►

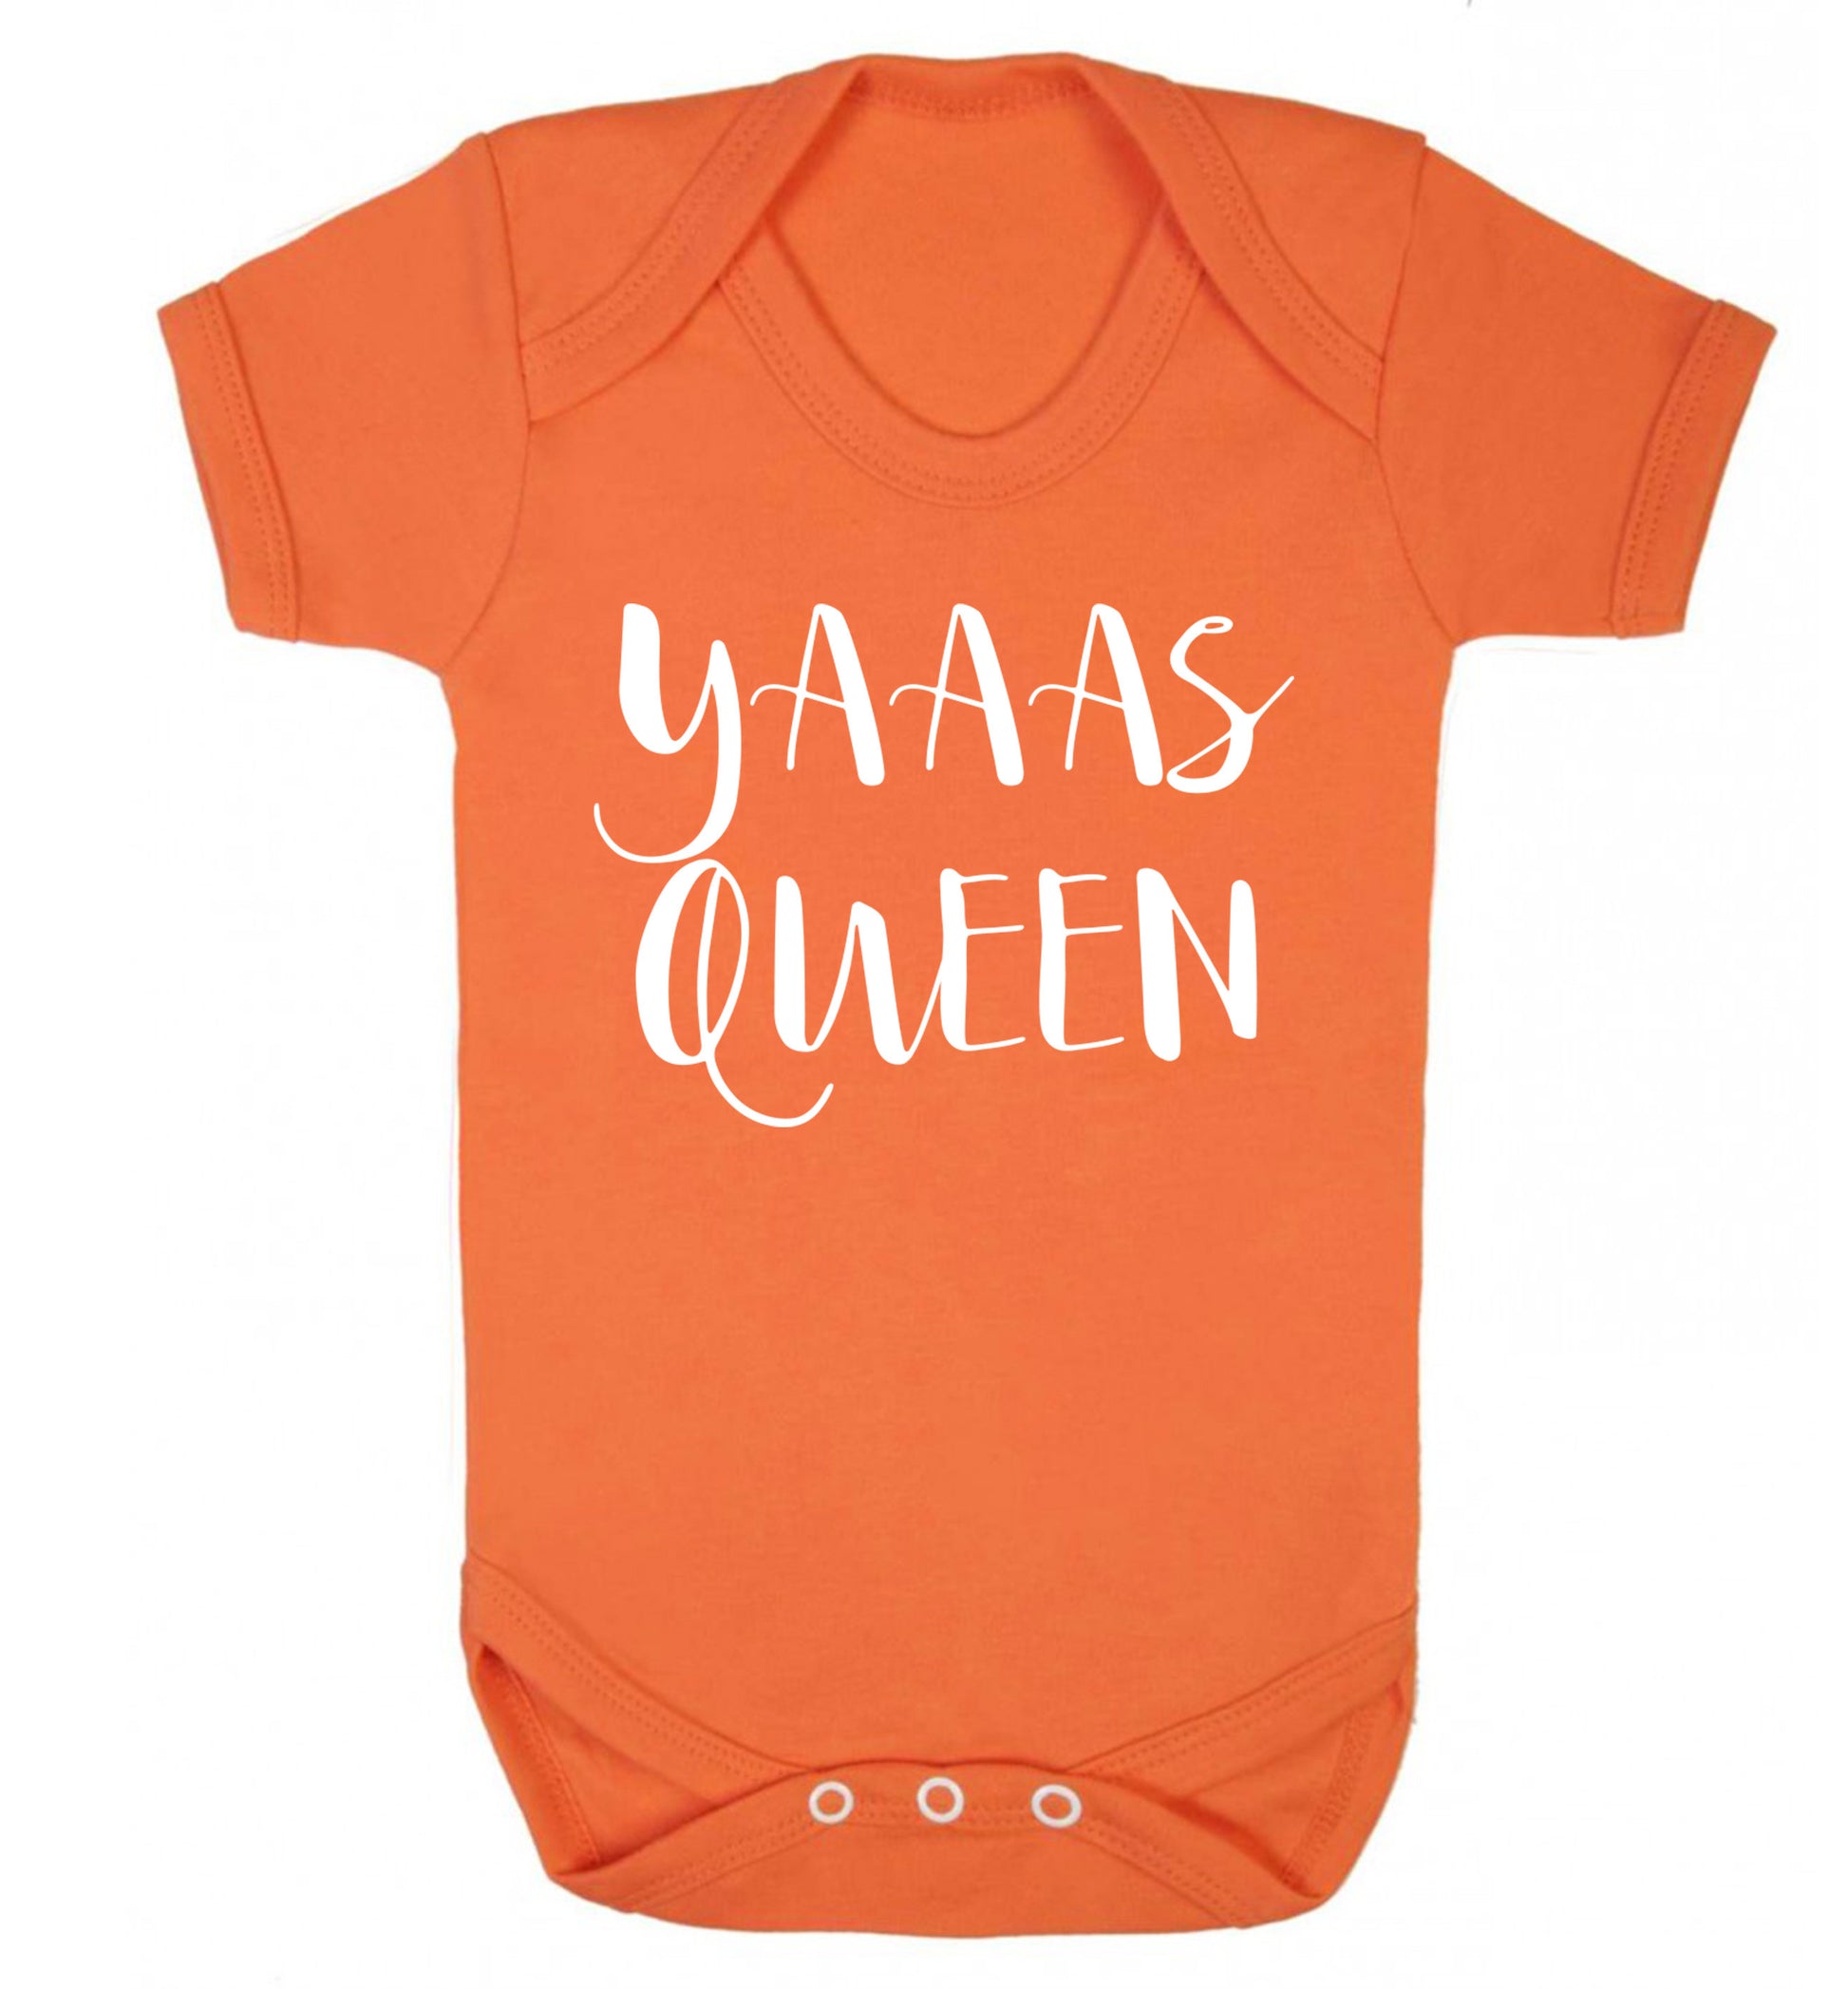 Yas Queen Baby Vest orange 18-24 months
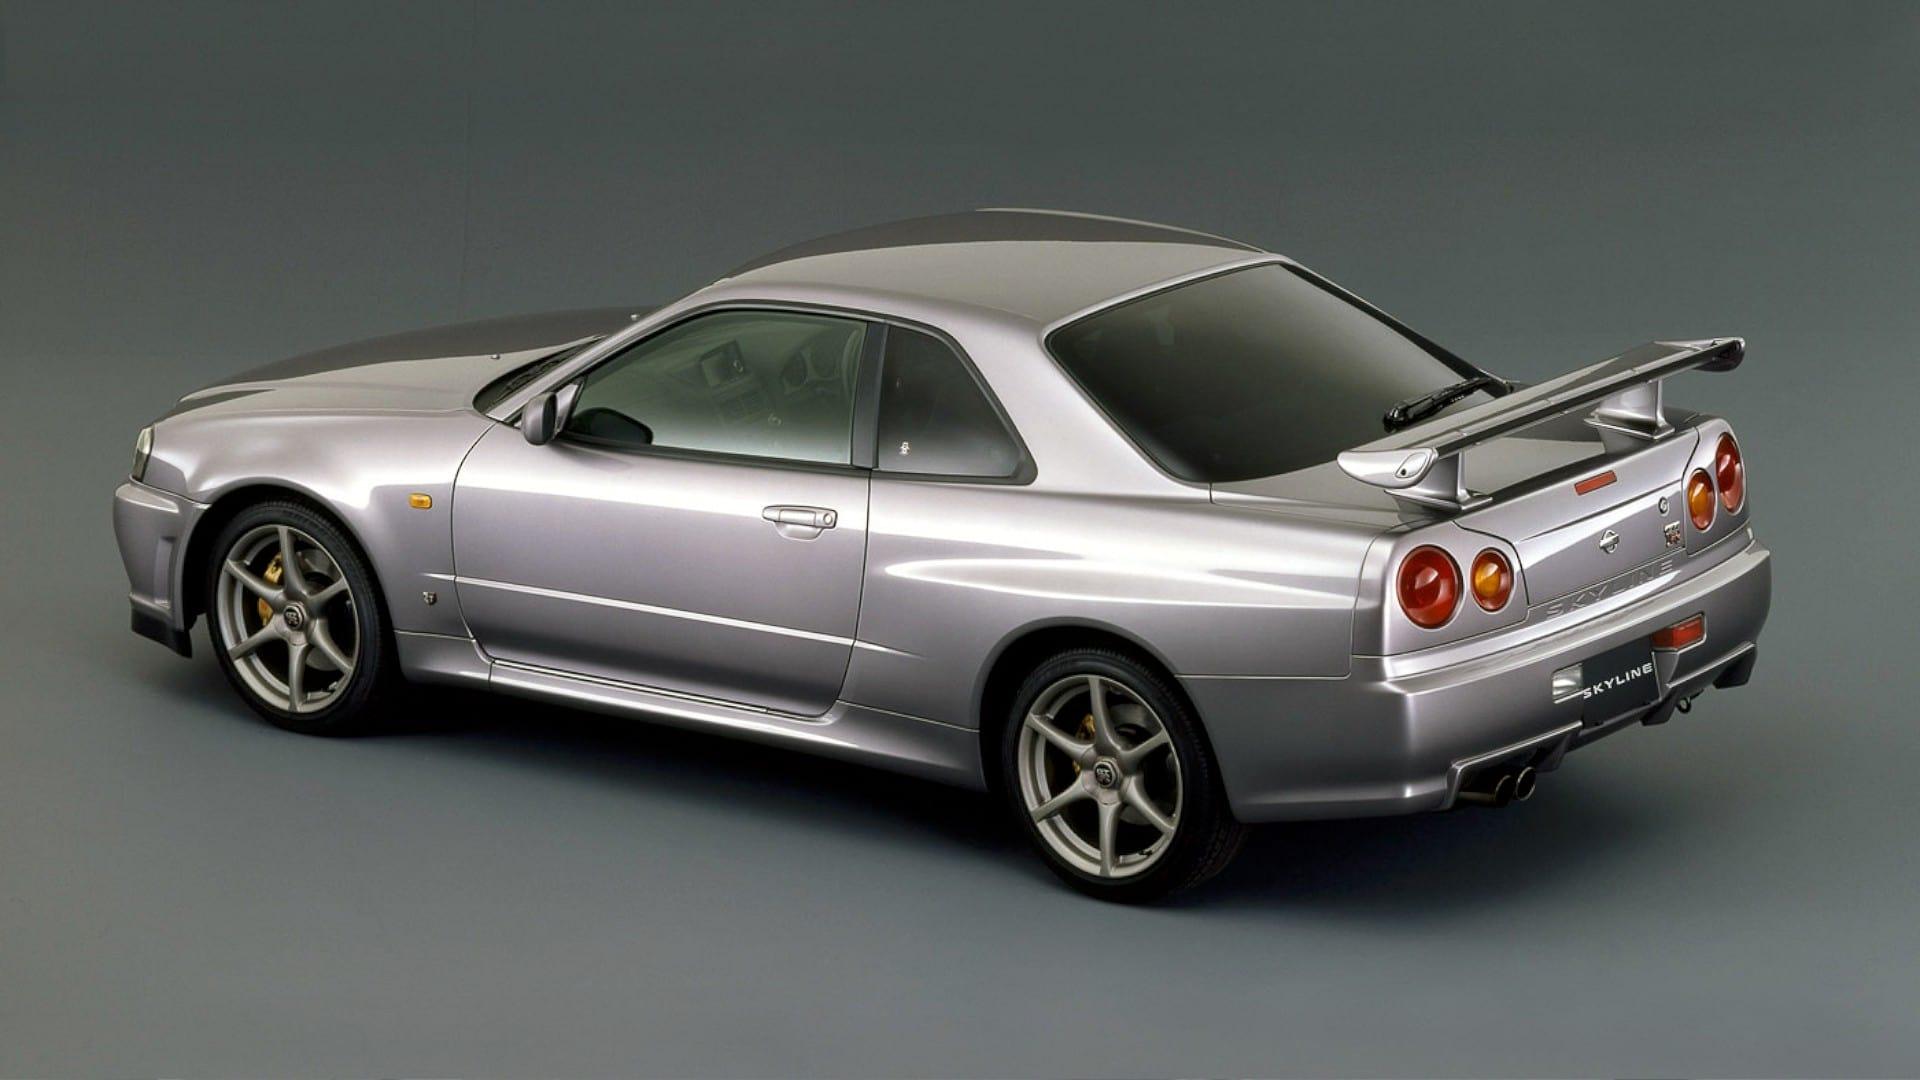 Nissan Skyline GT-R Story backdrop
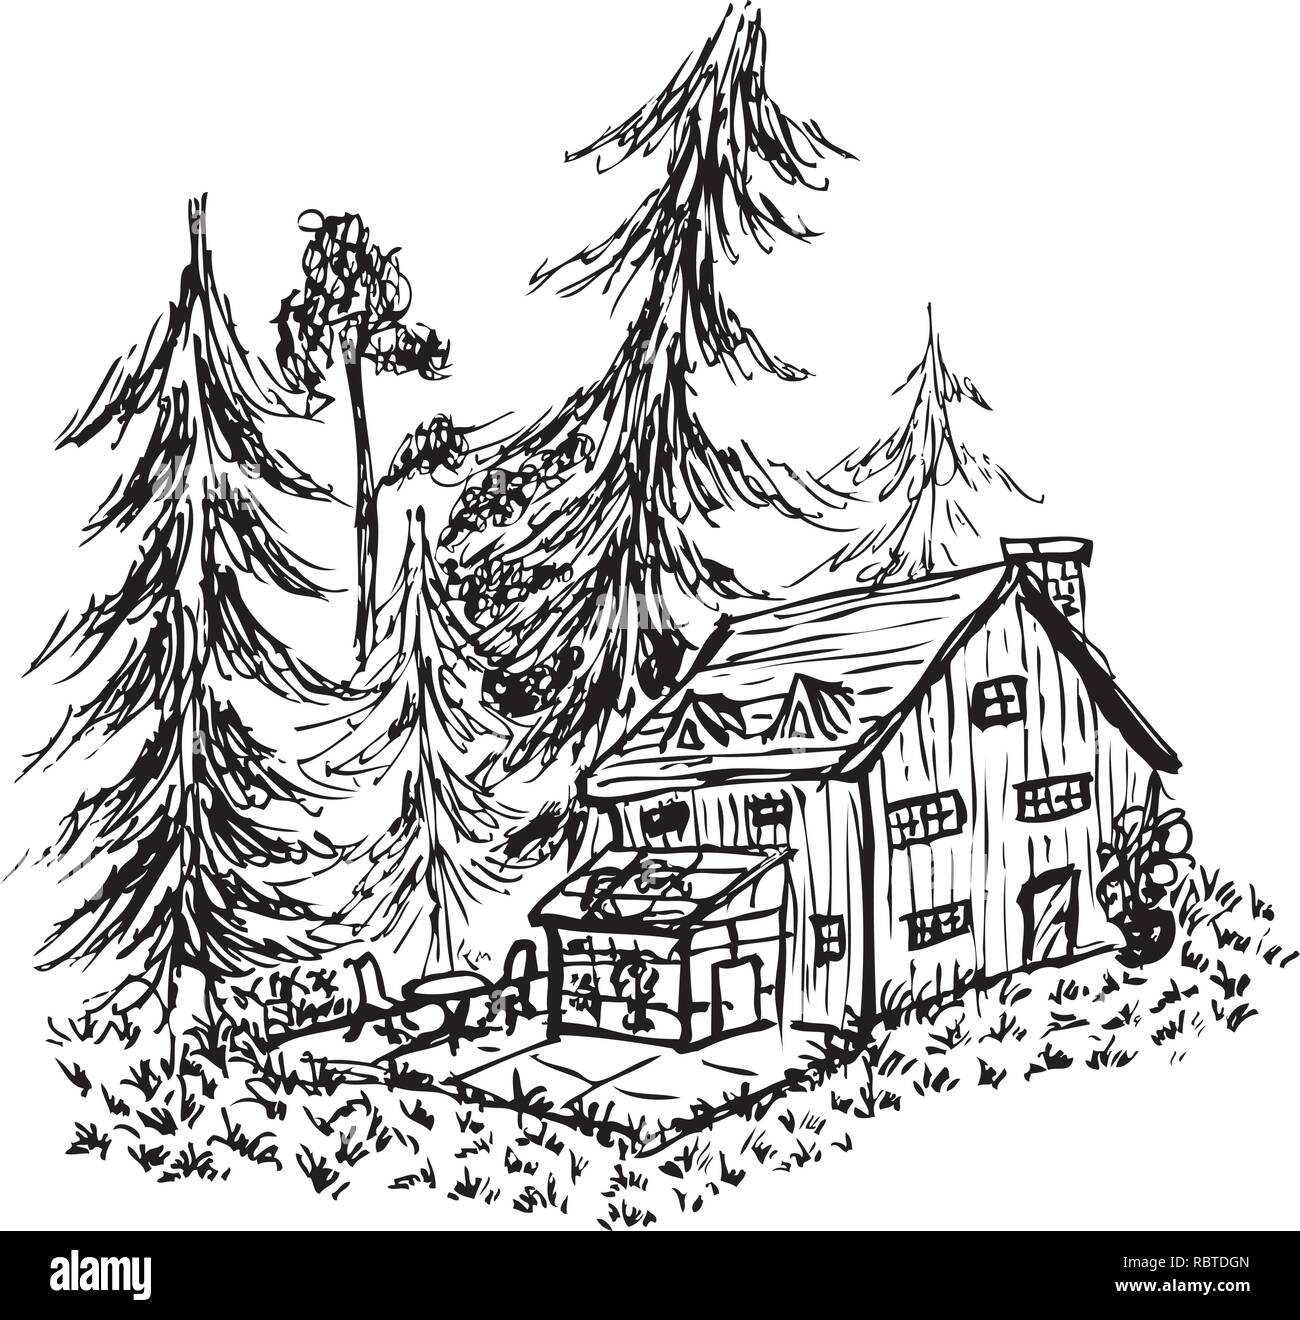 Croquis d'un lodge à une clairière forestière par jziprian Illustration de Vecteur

◄

What to work on: Make an exact copy of the listing. Do not carry over its pictures.

Exercise result:
 Yas Queen Baby Vest orange 18-24 months
 Nissan Skyline GT-R Story backdrop
 Croquis d'un lodge à une clairière forestière par jziprian Illustration de Vecteur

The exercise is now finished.